The UN Secretary General was quite right when he said Hamas doesn’t come out of nowhere. It is a reaction to state oppression. When the Jews bombed the hotel in Haifa, and killed British soldiers in 1930s, the British quite clearly labelled them as Jewish terrorists. Menachem who became Israeli Prime Minister in 1977 belonged to a terrorist outfit in the 1940s.
The Tunnels of Gaza
From a military perspective, there are many tunnels in Gaza and they are highly intricate. Urban warfare is almost impossible for Israel to tackle. Therefore, the first action for Israel is to bomb the hell out of the Gaza and flatten it completely. But tunnels run right down to 240 metres below. If that is the case, they will have to ultimately go into large, highly penetrating bombs, to demolish the survival and breathing mechanisms that operate in those tunnels for people to live there. Once you’ve done significant damage, then you move in and send your forces to do the urban warfare. That is probably the objective Israel is looking at.
Anthony Blinken said that Israel is looking at doing pretty much the same that the US did in Hiroshima and Nagasaki. What does that mean? No one can survive. That is probably the objective. The civilians will have no place to go but get themselves boxed between Egypt and the last portion of Gaza. That’s the worst catastrophe you can think of. A leaked Israeli report, perhaps leaked deliberately, says that this is an opportunity to ethnically cleanse Gaza and push them into Sinai. If that happens, the 40-year peace treaty between Egypt and Israel will collapse.
Q & A
Stanly John: When it comes to fighting the non-state actors in an asymmetric warfare, Israel doesn’t have that edge which it showed in conventional warfare, whether it is fighting the PLO in 1982 or when Israel invaded Lebanon. Is the objective of crushing or defeating Hamas, even if you use heavy, lethal and collective force against the Palestinian citizens achievable?

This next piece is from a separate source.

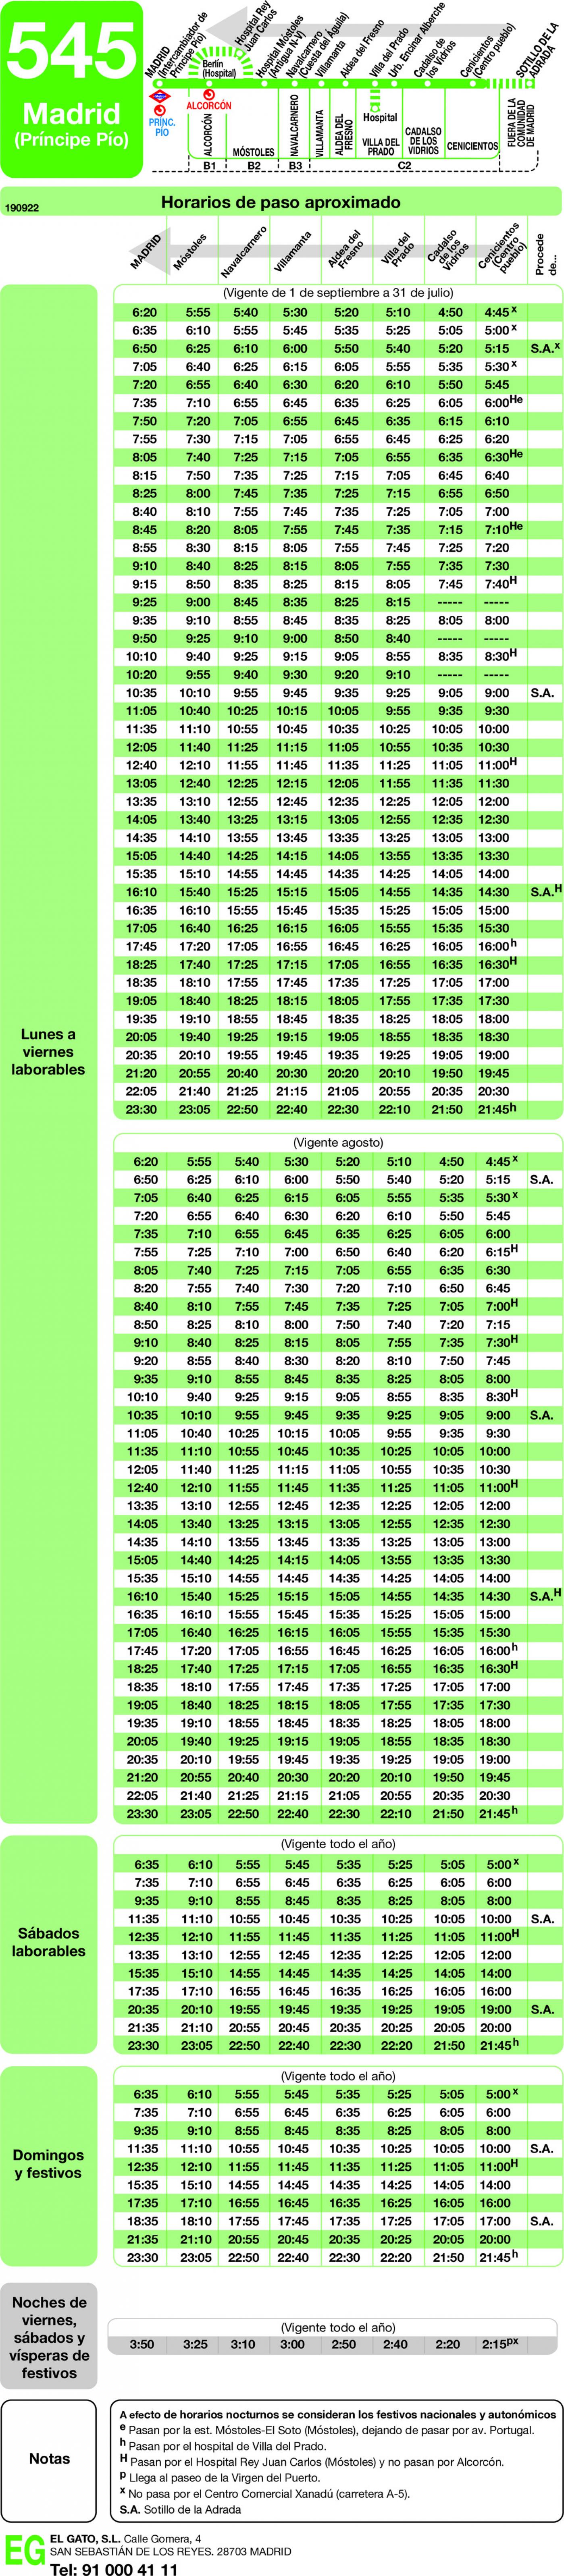 Tabla de horarios y frecuencias de paso en sentido vuelta Línea 545: Madrid (Príncipe Pío) - Cenicientos - Sotillo de la Adrada

Air Marshal Matheswaran: Firstly, it’s not achievable. Secondly, you cannot kill people en masse. It is state terrorism. The children who are watching all this, will grow and they will fight. Britain and the Irish Republican Army fought for 70 years. Finally, they came to the negotiating table. Unfortunately, Israel is building a narrative based on biblical history and they have become a prisoner of that narrative. Talks and negotiations should be the way forward.
Stanly John: What do you suggest as a possible, practical and actionable solution?
Sashi Kumar: One state solution is not practical. Two state solution was a possibility. The prerequisite for that is that, on both sides, you cannot have extremists. On the Israeli side, they must give up their theological approach to statehood. On the side of the Palestinians, the militants must take a back seat. There must be a more moderate representative force, perhaps like PLO in its more moderate days, which can carry on a dialogue and come to a kind of consensus.
Stanly John: Why is the UN helpless or what can be done by the UN?
Air Marshal Matheswaran: UN has a very limited role, especially when it comes to conflict. The UN Security Council can pass resolutions and ask countries to do something. There are multiple UN Security Council resolutions. After the 1967 war, the UN Security Council asked Israel to withdraw from all the captured territories—the West Bank in Jerusalem, Golan Heights and Sinai Peninsula. 56 years later, except the Sinai Peninsula, all the territories are still with Israeli control.
The UN Security Council is not even able to pass a resolution, calling for a ceasefire. The first resolution that was put to the UN Security Council by Brazil, called for humanitarian pause. Even that was vetoed by the United States. The only country that can now effectively put pressure on Israel is the United States and nobody else. President Biden famously said his foreign policy would be cantered on human rights. But his administration doesn’t even call for a ceasefire, after four weeks of bombing. That’s the reality.
Stanly John: There is a view that you need to silence non-state actors like the Hamas, Hezbollah, Palestinian Islamic Jihads or even the Houthis. What do you think about it?
Air Marshal Matheswaran: If the state of Israel is very virulent and treats the 2 million Palestinians as second grade citizens in their own land, then the question of resistance from the non-state actors like Hamas and Hezbollah going away is just a wishful thinking. It is not going to happen. If they really want a solution, then the political process must start. One must recognise the fact that Israel is as much a settler nation, as the US, Australia, New Zealand and Canada are. Majority of the Israelis will themselves recognize that. Because they were persecuted in Europe, on a humanitarian angle, the Palestinians were willing to accommodate them. When you are a guest, and they are the owners of the land, if you want to live together in peace, then you must first recognize this historical fact.